Хочется сжаться и забиться в угол, но я больше не маленькая девочка, чтобы прятаться под кровать. Я знала это… Поняла еще раньше, чем он привязал меня к кровати и озвучил два невыполнимых правила своей садисткой игры.
В тот момент, когда Теодор Харт сообщил, что тело Алины обнаружил мой муж, в памяти отчетливо вспылили ее откровения о последнем любовнике, и уравнение сошлось само собой.
В ту страшную минуту мне показалось, что мир распался на атомы, а я сама растворилась, превратившись в крошечную пылинку, безжалостно сжатую в мужском кулаке. Но мне не хватило смелости бросить ему эту правду в лицо, и я трусливо оттягивала разговор, все еще надеясь найти другое объяснение, оправдание, что угодно…
«Он больной на всю голову псих с четким списком правил и требований, которые невозможно выполнить. Но в этом и суть игры. Чтобы он мог получить удовольствие, я должна страдать и испытывать невыносимую боль. Молча, не издавая ни звука и не шевелясь. Словно я гребаный труп.»
Да, теперь я на собственной шкуре ощутила весь тот кошмар, что описывала Алина. Но в отличие от нее, моего согласия никто не спрашивал. Саша знал, что я не настолько глупа, чтобы не понять очевидного. Он догадался по моим взглядам и реакциям, а потом принял самое удобное для него решение.
Если смысла притворяться больше нет, то зачем себя в чем-то ограничивать? Теперь я — не «белое», а одна из них, и мне страшно предположить, каким будет его следующий шаг…
Расправив плечи и пересилив желание прикрыться хотя бы ладонями и волосами, я резко вскидываю голову и смотрю в отражение.

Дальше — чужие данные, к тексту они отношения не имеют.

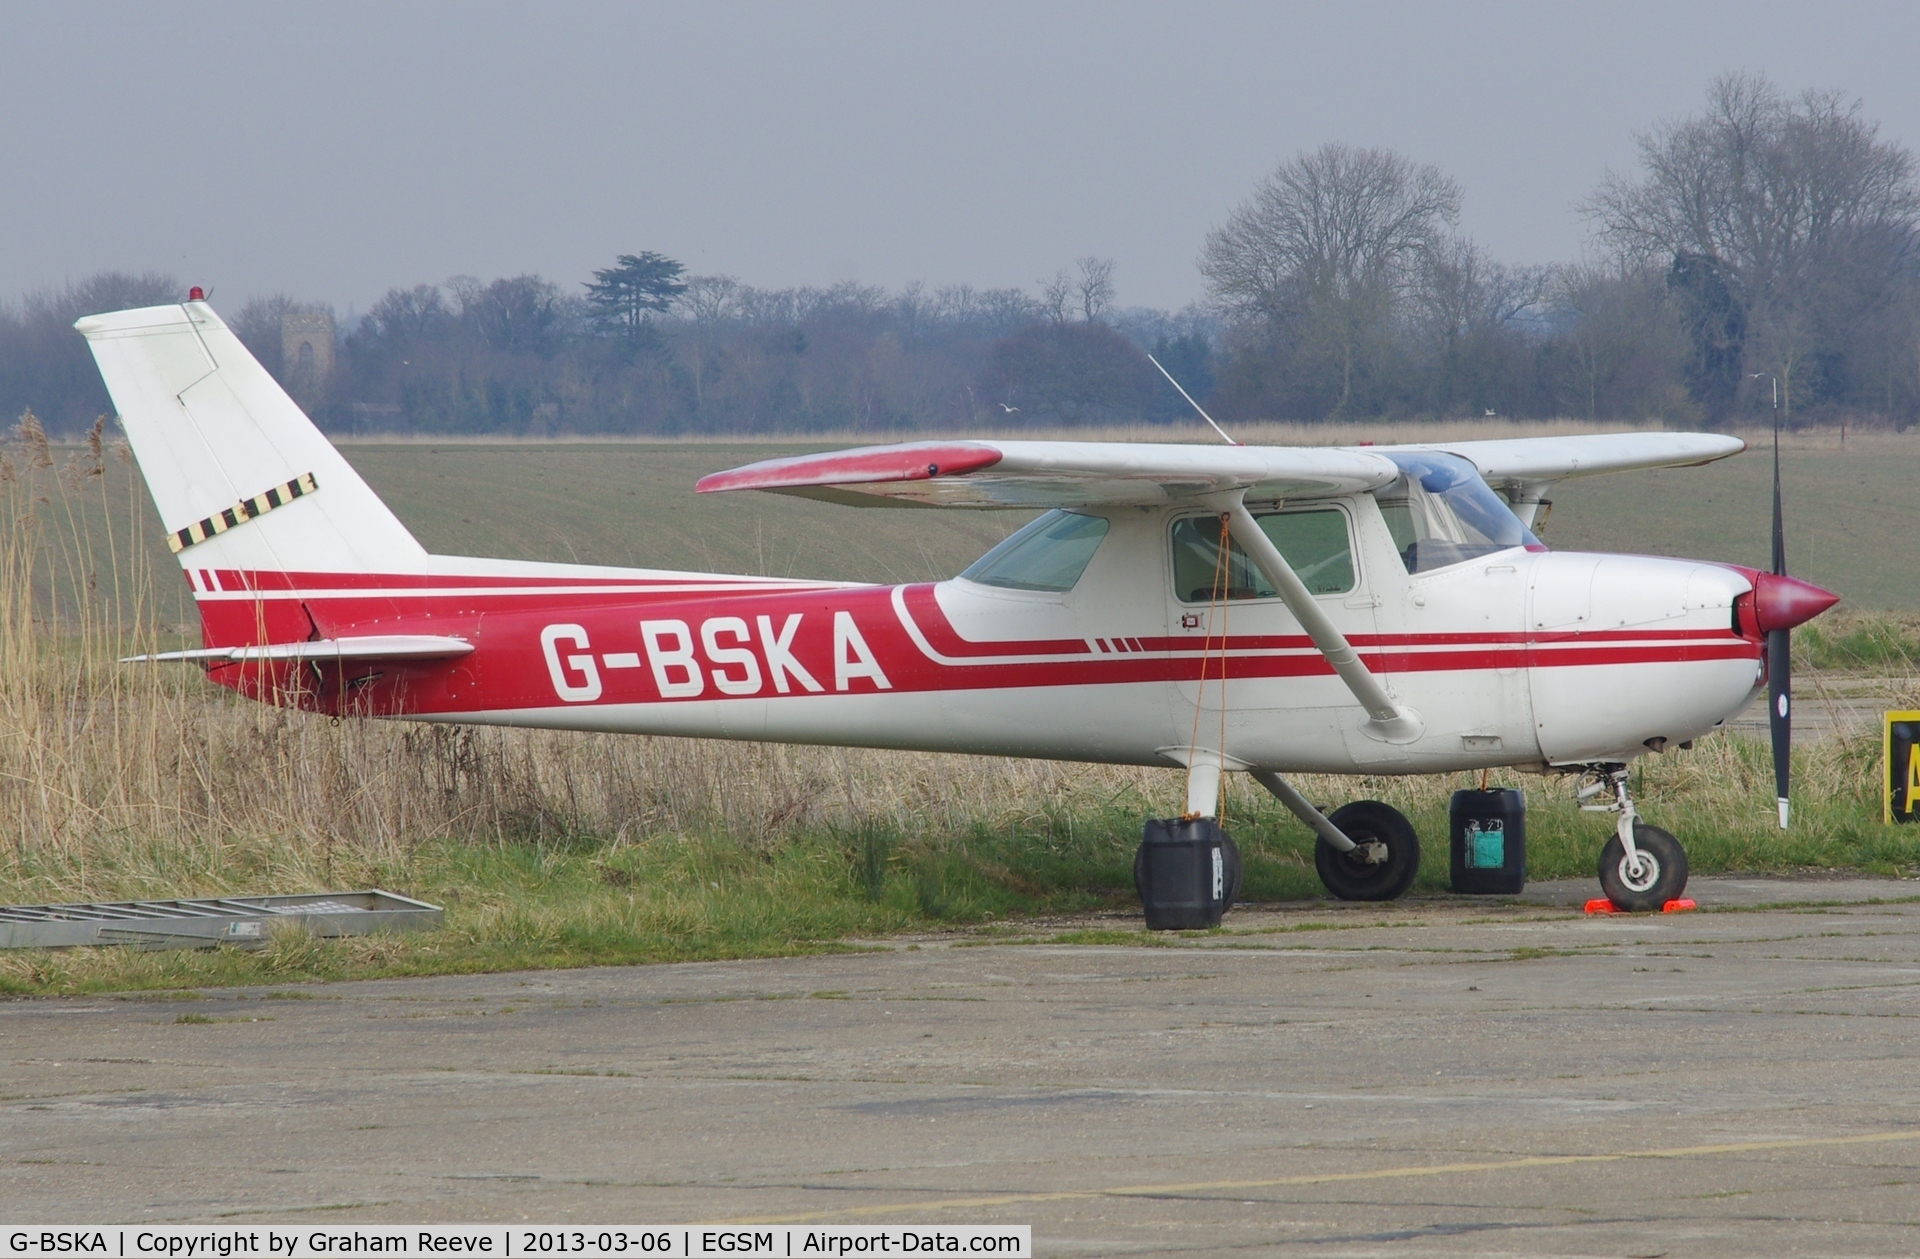 G-BSKA, 1974 Cessna 150M C/N 150-76137, Parked at Beccles.

Несколько долгих секунд мы молча изучаем друг друга. Там, где встречаются наши наэлектризованные взгляды, вспыхивают статические разряды, рассыпаясь хрустальными осколками льда, каждый из которых насквозь прошивает мою измученную сердечную мышцу.
— Это Алина звонила тебе ночью в Савой? Катукова — ее фамилия? — захлебываюсь болью и все равно спрашиваю, с мясом вырывая из себя каждое слово.
— Улица, где она снимала жилье, — с немыслимым спокойствием поясняет Александр.
— Много их было?
— Они ничего для меня не значили. Ни одна, — склонив голову, он касается подбородком моей макушки. — Ты бы никогда о них не узнала. И не должна была узнать. И того, что здесь случилось, тоже не должно было произойти. Я умею себя контролировать.
Меня передергивает, к горлу подступает желчь. Проклятый лжец. Еще скажи, что я сама это допустила!
— Я спросила о другом, — стиснув зубы, цежу я.
Черная мгла, льющаяся из его прищуренных глаз, проникает в мой агонизирующий разум, слой за слоем снимая защитные установки.
— Задай правильный вопрос, — глухим безжизненным шепотом просит он.
Его лицо расплывается из-за марева выступивших слез, злых и отчаянных. Я не стыжусь их и не скрываю. Ядовитая боль, которую он мне причинил, не требует оправданий. В том, что он превратился в чудовище, нет моей вины и никогда не было.
— Смелее, Ева, — за вкрадчивыми интонациями отчетливо проступает нетерпеливая настойчивость.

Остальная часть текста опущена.